Collection | strategy | introduction | static | Search Engine | Page from the front of the collection principle you can see that most of the acquisition program is based on the analysis of rules to collect, such as analysis of paging file name rules, analysis of page code rules.
First, pagination file name rules to prevent collection countermeasures
Most of the collectors rely on the analysis of the paging file name rules, batch, multi-page collection. If others cannot find out the file name rules of your paging file, then others will not be able to do a lot of your site to collect multiple pages.
Implementation method:
I think it is a good way to encrypt the paging file name with MD5, here, some people will say, you use MD5 to encrypt the paging file name, others according to this rule can also simulate your encryption rules to get your paging file name.
I want to point out that when we encrypt the paging file name, don't just encrypt the part of the file name change
If I represents pagination page number, then we do not encrypt: Page_name=md5 (i,16) & ". htm"
It is best to follow up one or more characters on the page number that you want to encrypt, such as: Page_name=md5 (i& "any one or several letters",) & ". htm"
Because the MD5 can not be decrypted, the other people see the page letters are MD5 encrypted results, so add people can not know what you follow after the letter is what, unless he used violent ****md5, but not too realistic.

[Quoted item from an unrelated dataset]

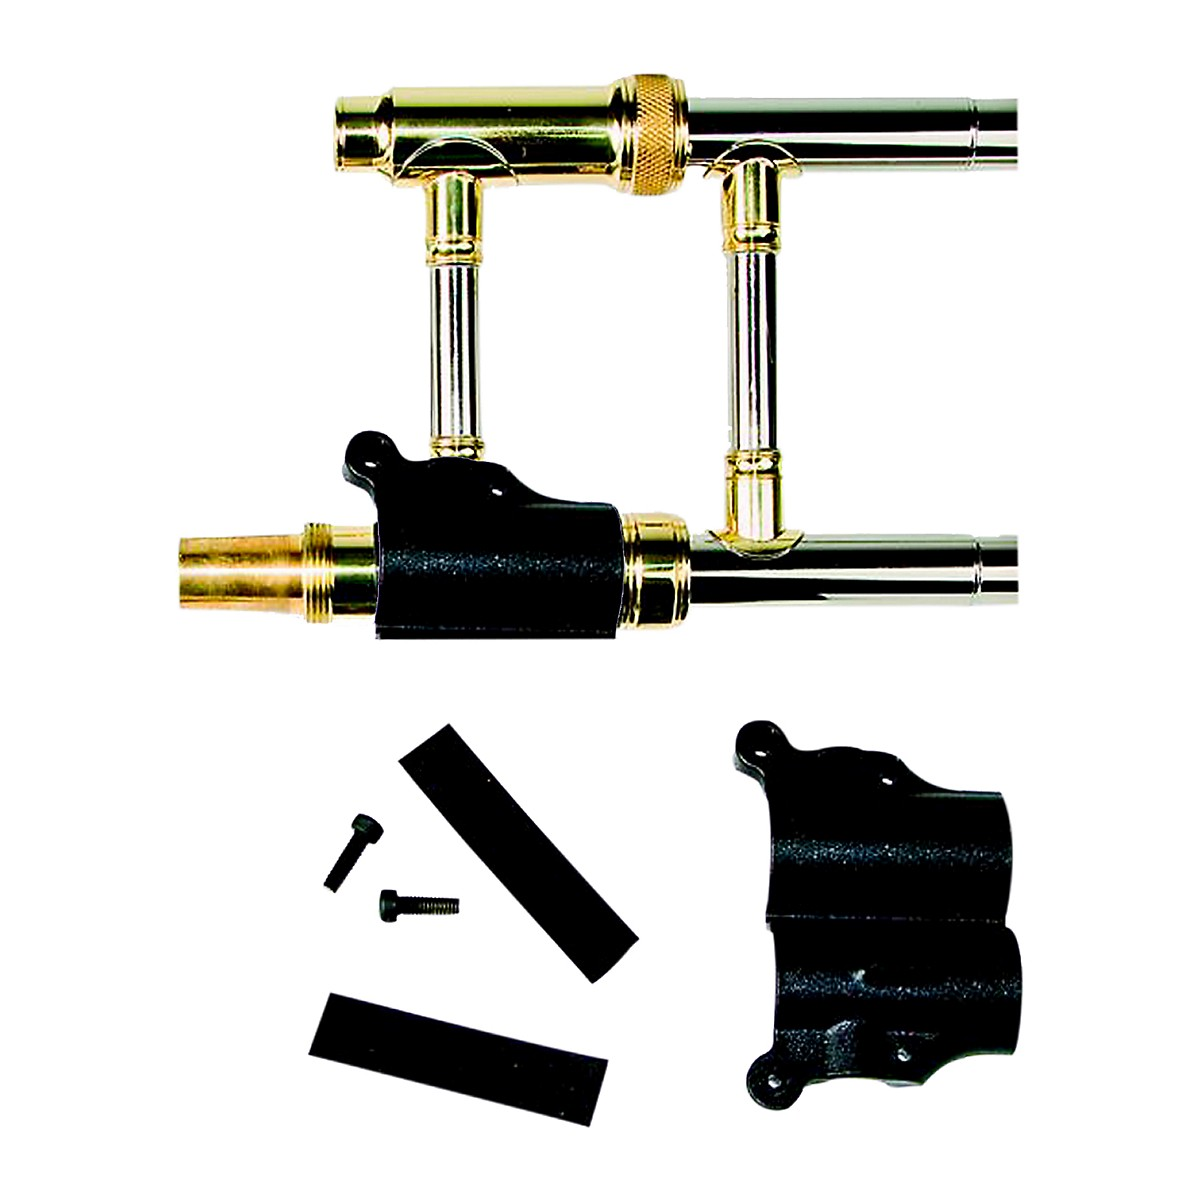 Neotech Trombone Grip Straight Gusseted Trombone Bushing Kit

Second, the page code rules to prevent collection countermeasures
If our content page has no code rules, then people can't extract the content they need from your code. So we want to do this step to prevent collection, it is necessary to make code without rules.
Implementation method:
To make the other person need to extract the tag randomization
1, custom multiple page templates, each page template in the important HTML tags are different, rendering the page content, random selection of page templates, some pages with Css+div layout, and some pages with table layout, this method is troublesome point, a content page, to do more than a few template pages, But the collection itself is a very cumbersome thing, to do a template, can play a role in the collection, for many people, are worth.
2, if the above method too troublesome, the page of the important HTML tag randomization, you can.
The more Web templates you do, the more random HTML code is, the other side analysis of the content code, the more trouble, the other side for your site to write a collection strategy, more difficult, at this time, most people will shrink, because this person is lazy, will collect other people's website data ~ ~ ~ Again, At present, most people are to take the acquisition program developed by others to collect data, the development of their own collection procedures to collect data, after all, is a minority.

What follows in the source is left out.